Only the lines from the one containing "سامانه مرکز پردازش اطلاعات مالی ایران" to the end of the data below belong in the answer, each repeated exactly; no pictures.

▸ Data below:
----
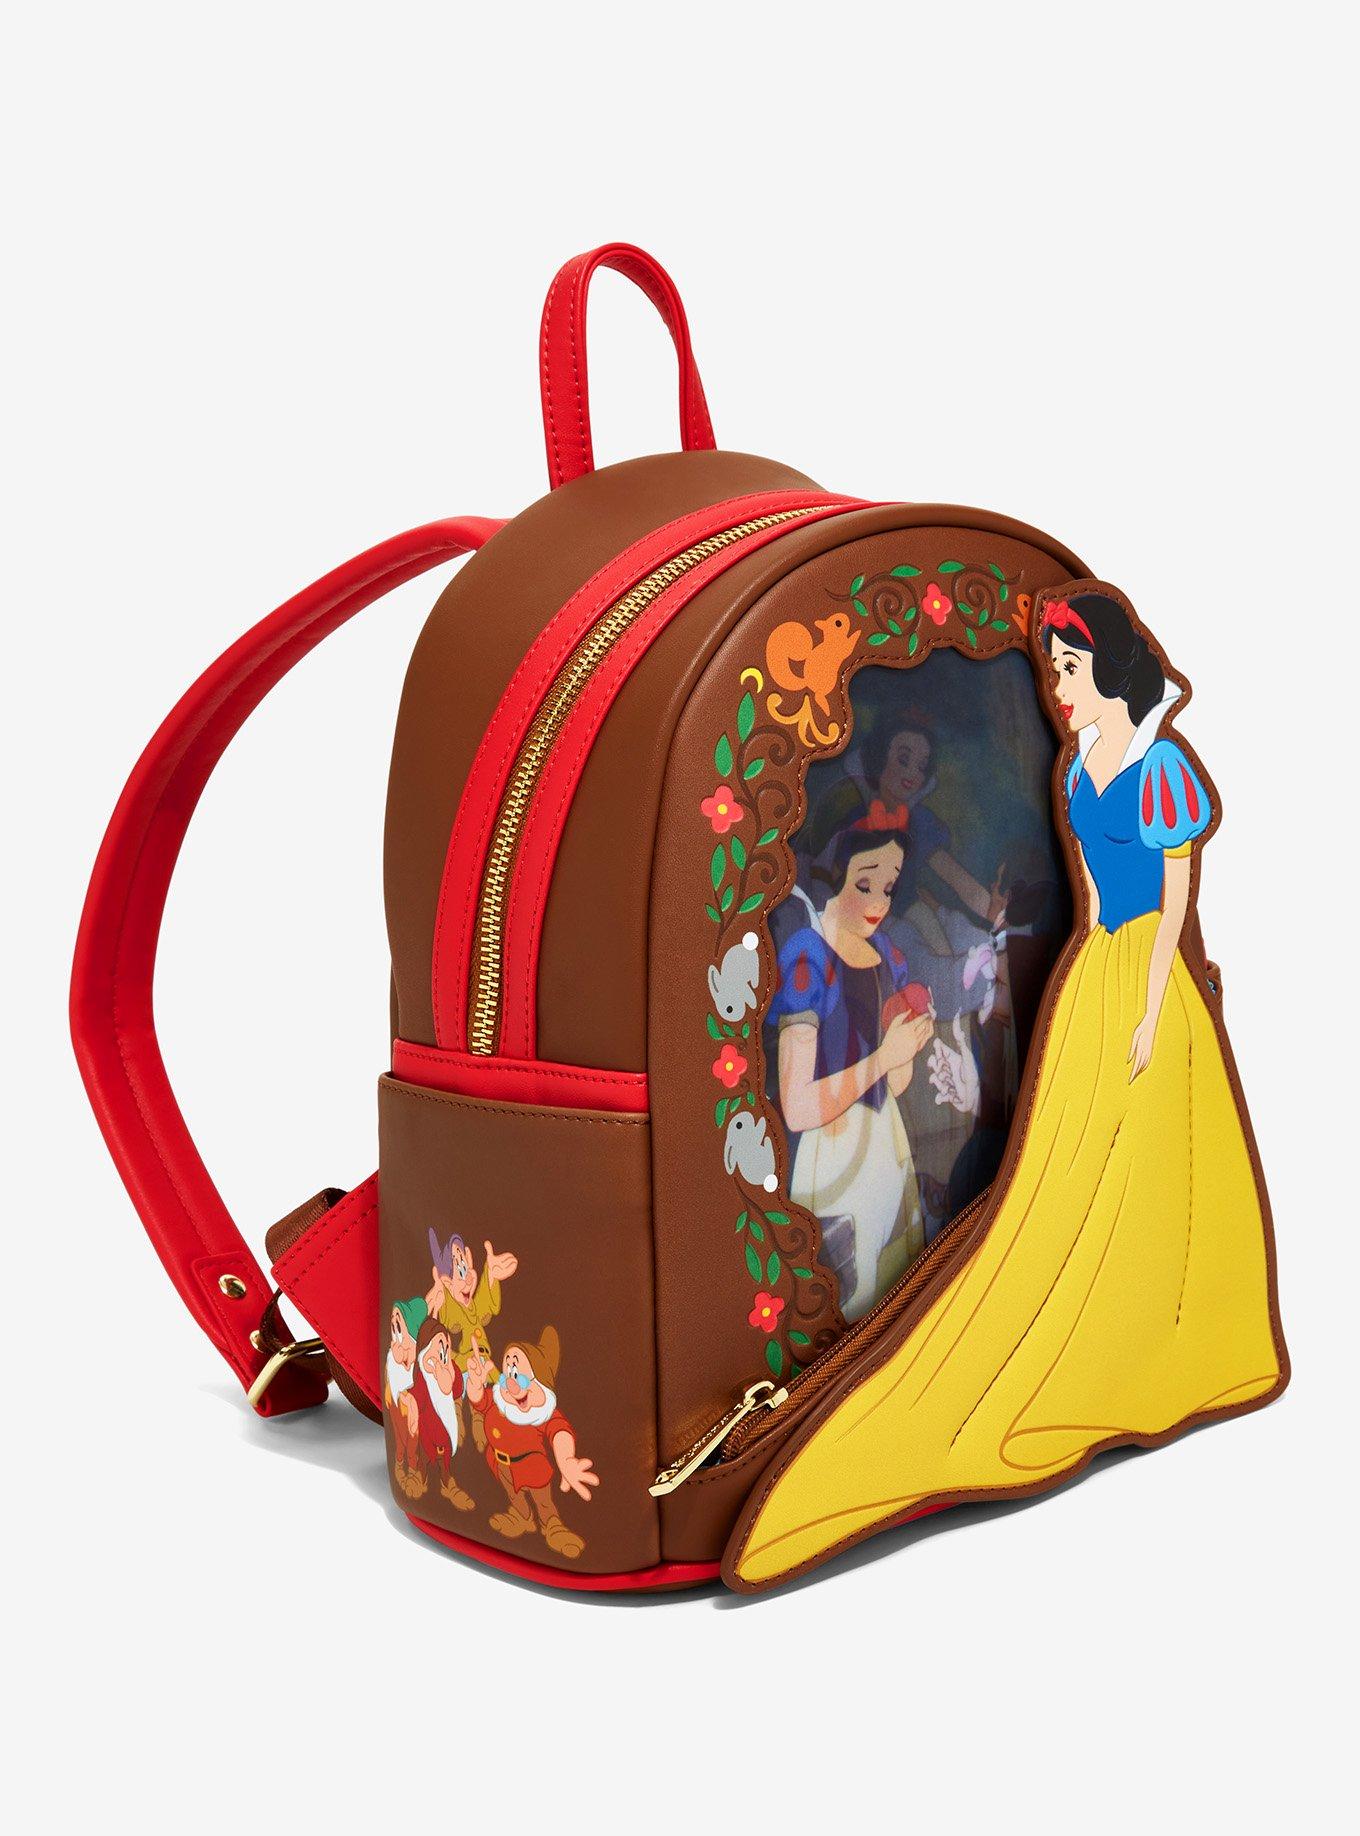 First Look: Sleeping Beauty Princess Lenticular Mini Backpack
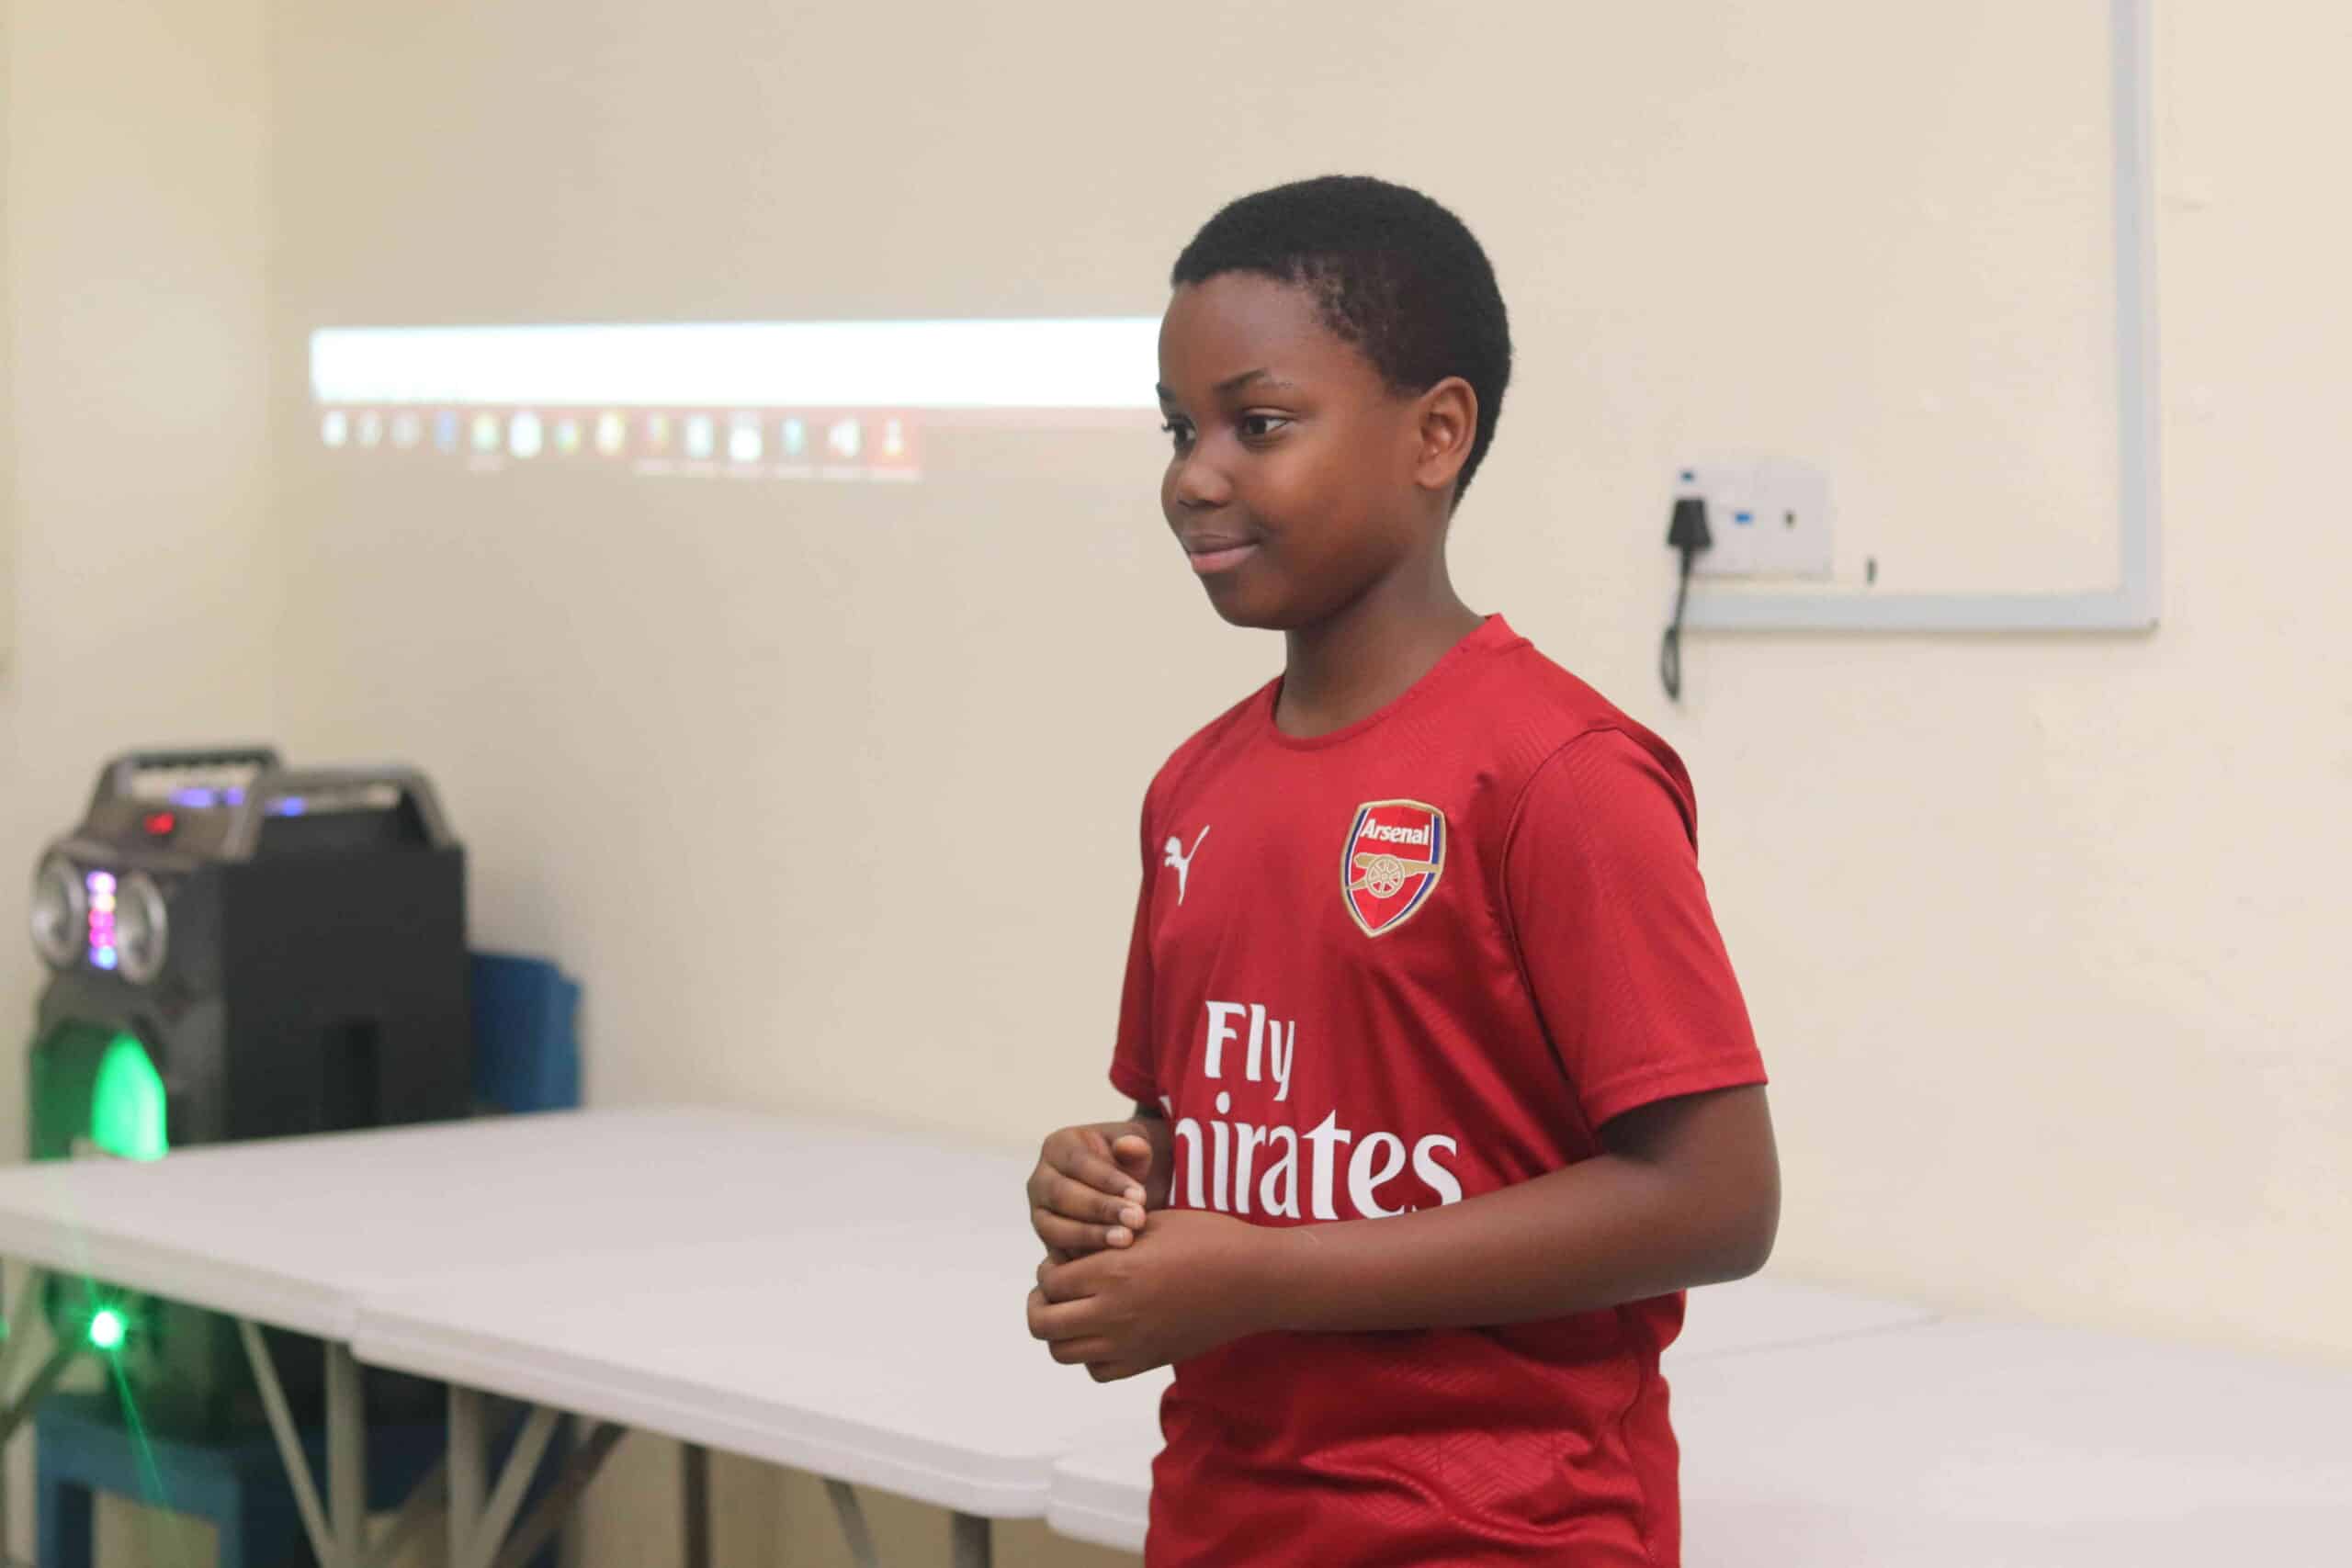 9jacodekids Academy coding programming robotics classes for kids children in Port Harcourt Abuja Lagos
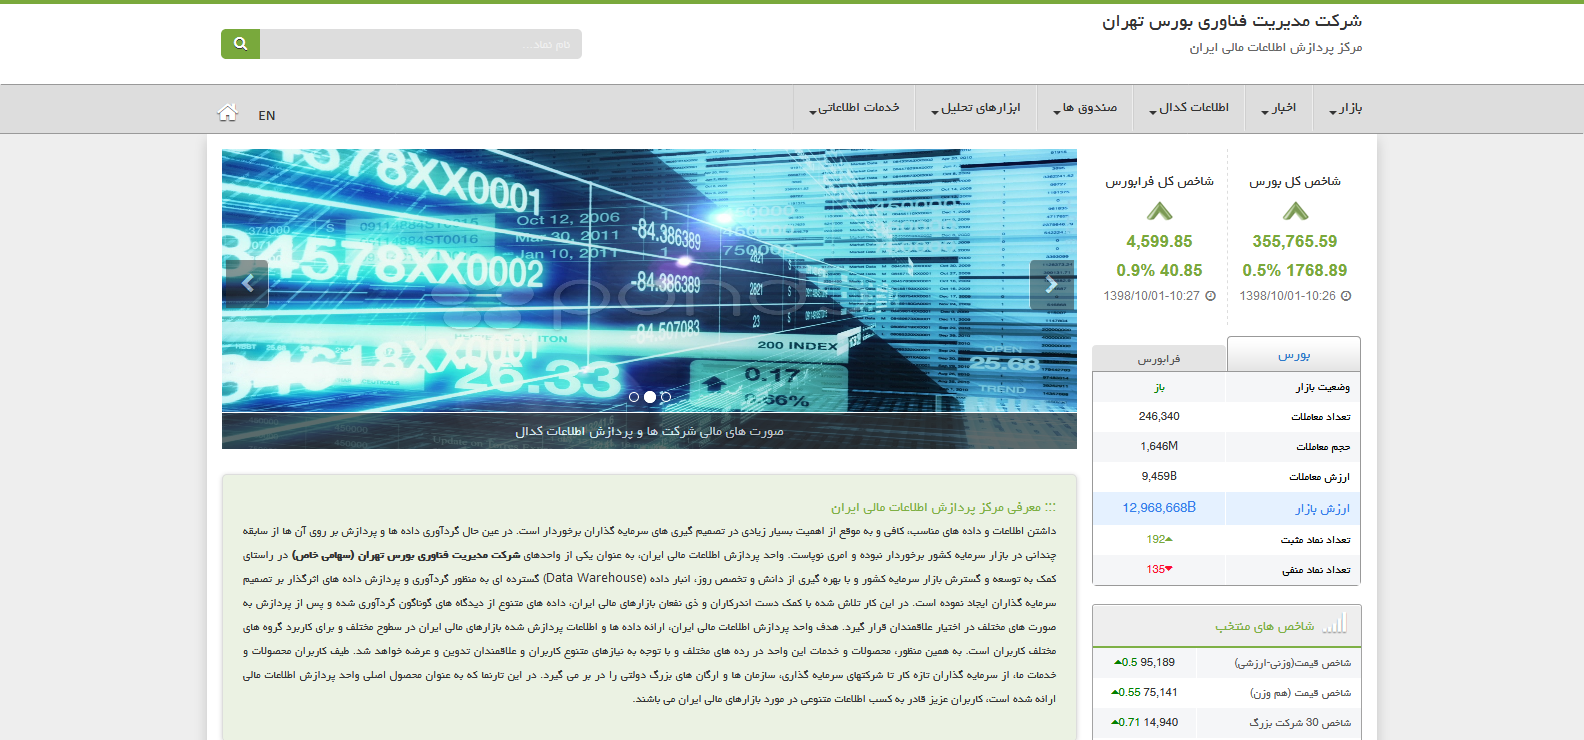 سامانه مرکز پردازش اطلاعات مالی ایران  
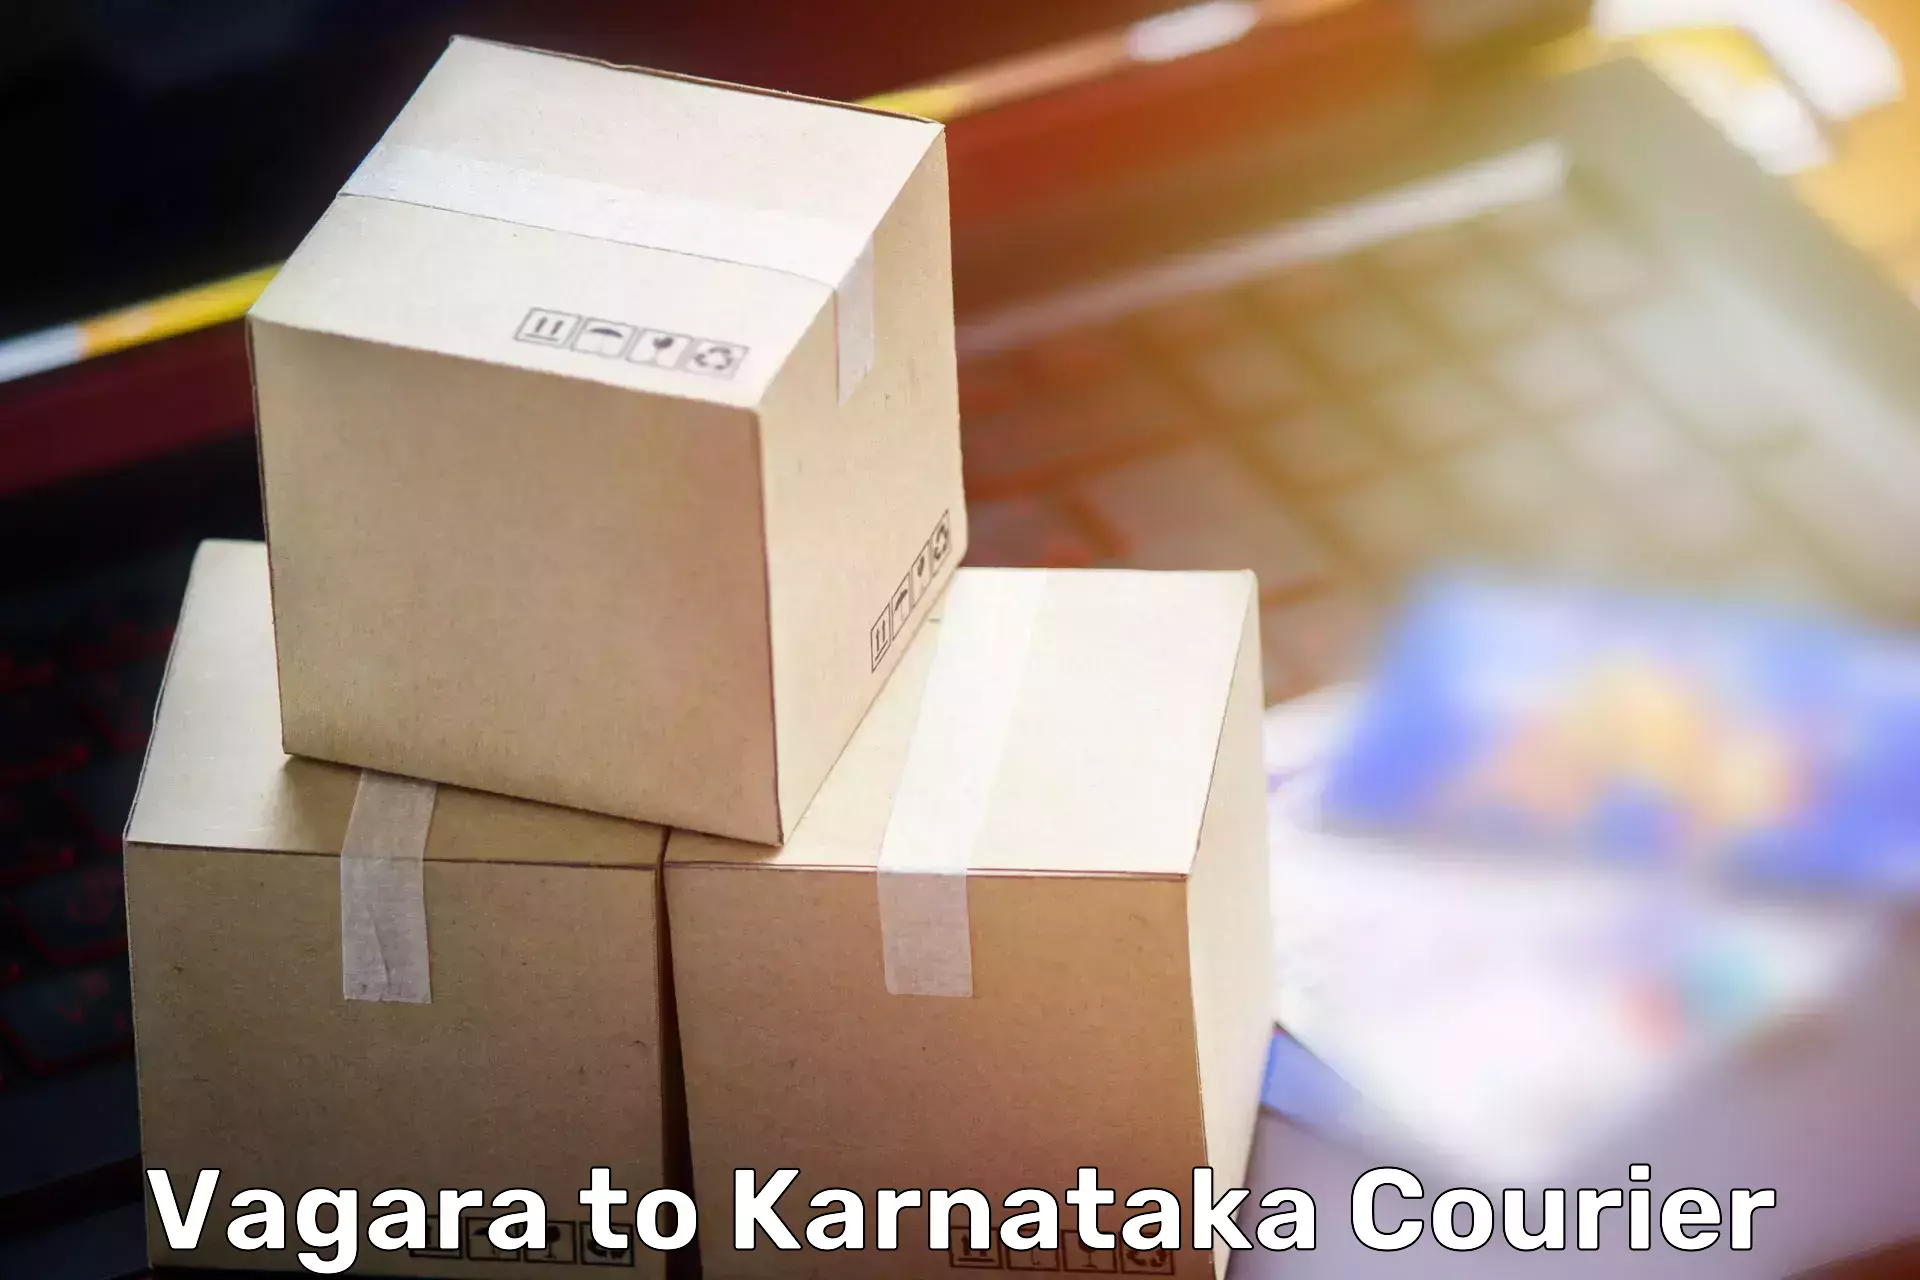 Efficient moving company Vagara to Karnataka
----
▸ Result of the exercise:
 سامانه مرکز پردازش اطلاعات مالی ایران  
 Efficient moving company Vagara to Karnataka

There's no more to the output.